During his time in the city Jack has catnapped, dozed, slept with one eye open. On a dirty floor, wedged into a hole, behind a hacked turret that would deafen him with bullets every time he closed his eyes. Here, in relative safety, even though he's in a stranger's house, he falls asleep quickly.
And before long, he starts to dream.
He's a boy again -- small, bald, limbs out of proportion. Pushing the plough through crowds of golden wheat. On the farm -- his parents' farm in Kansas. The great metal frame feels light in his hands; the uneven ground doesn't even slow him down. He's good at this. He's at home.

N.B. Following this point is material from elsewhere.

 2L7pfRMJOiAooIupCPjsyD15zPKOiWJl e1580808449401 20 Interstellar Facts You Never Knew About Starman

Then suddenly there are voices in the corn, shouting instructions, and he realises they've been telling him which way to go. Anonymous at first, they quickly turn into raucous laughter and snarls, and the splicers appear all at once. Go left. Go right. He does. Pick up the plough. Sing a song. Stand on your head. Jack tries to keep up, but it seems like he's moving at a snail's pace, like a stuck video, and the orders layer over each other until he doesn't know what he's doing.

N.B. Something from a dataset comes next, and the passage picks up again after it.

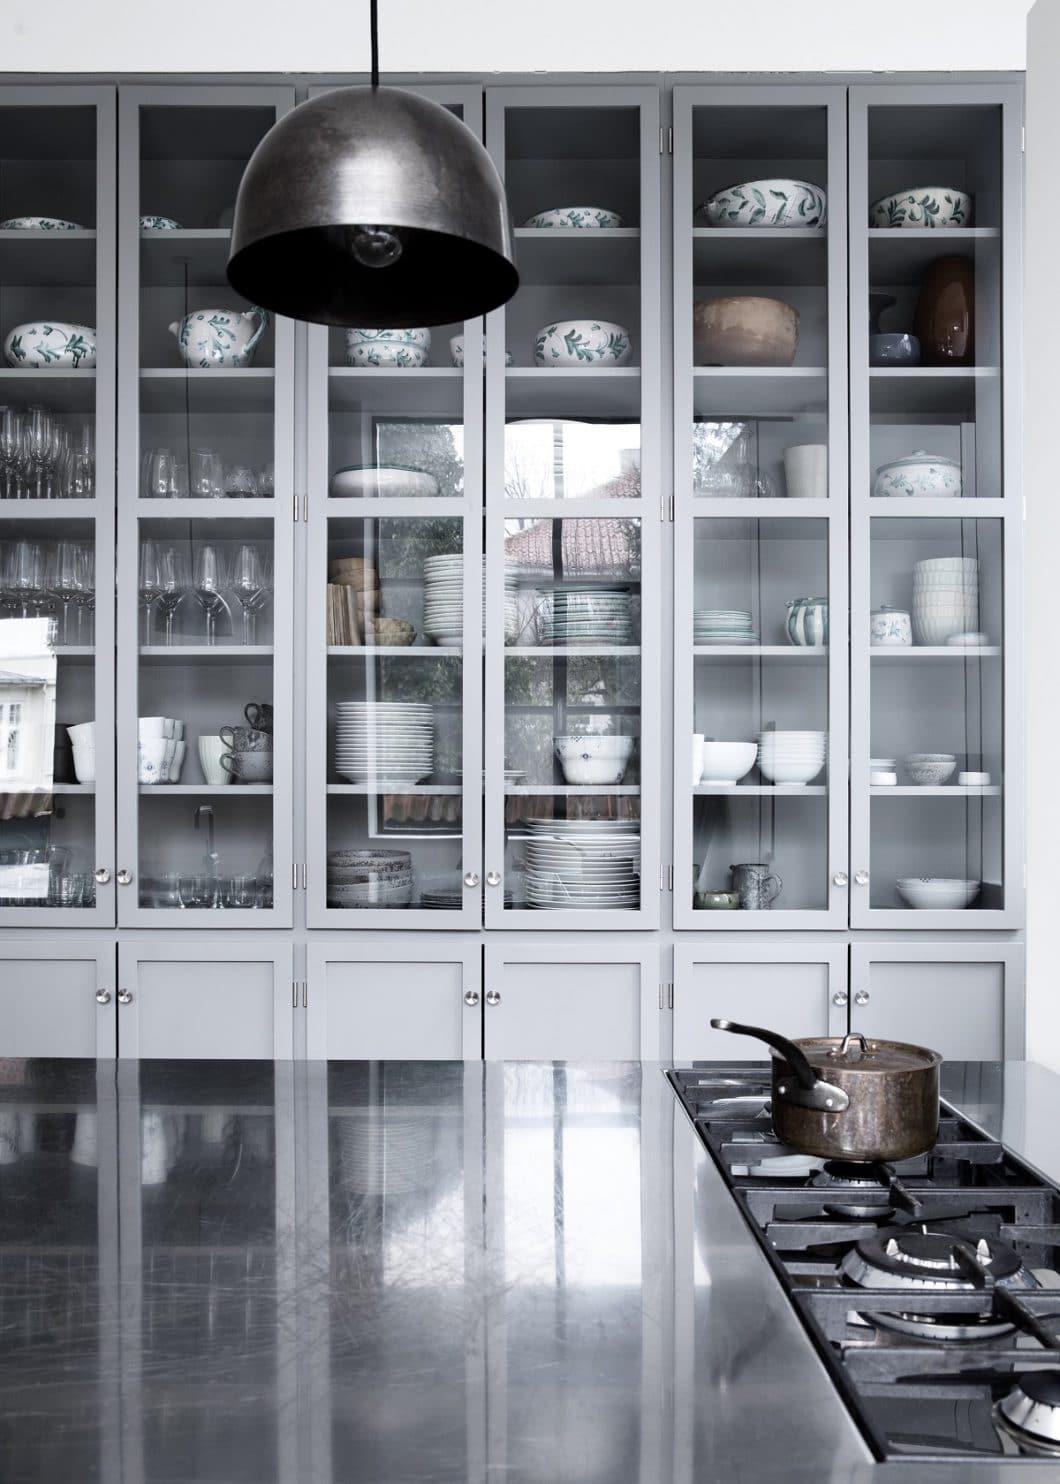 k benhavns m belsnedkeri d nische k chen zum verlieben. Black Bedroom Furniture Sets. Home Design Ideas

As soon as the tears start, he's in his mother's lap, telling her all about it, and she's holding him tight and whispering shh, shhh, it's all right, it's not real, you're safe, you're safe, it isn't real, you made it all up... you made it all up, kid.
She smirks and all at once she's Fontaine, standing without apology in front of him.
Tough break, kid.
Fontaine makes a break for it down the leaking hallways of Rapture. Jack tries to chase him, but he's going too slowly again. He can't move his legs quick enough, he can't run. Only when he loses sight of Fontaine does he realise that it's because of a weight on his back, something bearing him down, something large -- Sinclair?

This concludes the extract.